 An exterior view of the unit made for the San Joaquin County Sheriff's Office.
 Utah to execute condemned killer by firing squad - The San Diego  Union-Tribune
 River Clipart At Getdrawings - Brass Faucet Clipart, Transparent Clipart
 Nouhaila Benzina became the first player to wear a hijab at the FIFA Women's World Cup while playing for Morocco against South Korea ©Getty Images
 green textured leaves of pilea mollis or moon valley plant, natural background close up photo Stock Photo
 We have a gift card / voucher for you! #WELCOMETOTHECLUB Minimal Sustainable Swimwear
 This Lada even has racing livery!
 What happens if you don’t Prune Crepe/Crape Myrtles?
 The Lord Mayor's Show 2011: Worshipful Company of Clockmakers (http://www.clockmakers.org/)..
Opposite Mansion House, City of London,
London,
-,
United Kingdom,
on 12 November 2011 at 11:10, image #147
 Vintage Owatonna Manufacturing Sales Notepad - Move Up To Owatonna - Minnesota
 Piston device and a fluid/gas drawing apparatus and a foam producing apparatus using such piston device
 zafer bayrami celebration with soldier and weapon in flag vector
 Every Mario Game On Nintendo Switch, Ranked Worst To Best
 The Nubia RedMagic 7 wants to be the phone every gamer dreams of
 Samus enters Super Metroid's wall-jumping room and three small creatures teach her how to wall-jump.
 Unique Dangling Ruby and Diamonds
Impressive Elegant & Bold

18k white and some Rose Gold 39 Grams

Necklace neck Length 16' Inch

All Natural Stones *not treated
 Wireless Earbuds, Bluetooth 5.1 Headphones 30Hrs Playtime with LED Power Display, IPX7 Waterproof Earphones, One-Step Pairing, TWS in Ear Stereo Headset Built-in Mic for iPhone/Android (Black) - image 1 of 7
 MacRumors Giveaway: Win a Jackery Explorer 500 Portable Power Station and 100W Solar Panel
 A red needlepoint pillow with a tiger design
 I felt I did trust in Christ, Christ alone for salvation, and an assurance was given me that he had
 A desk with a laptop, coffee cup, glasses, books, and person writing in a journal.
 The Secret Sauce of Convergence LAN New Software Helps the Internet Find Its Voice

* What you have to do
In the listing above, locate the line containing "Samus enters Super" and the line containing "All Natural Stones *not treated". Extract those two lines and every line between them, exactly as written, and only those.

* Task response
 Samus enters Super Metroid's wall-jumping room and three small creatures teach her how to wall-jump.
 Unique Dangling Ruby and Diamonds
Impressive Elegant & Bold

18k white and some Rose Gold 39 Grams

Necklace neck Length 16' Inch

All Natural Stones *not treated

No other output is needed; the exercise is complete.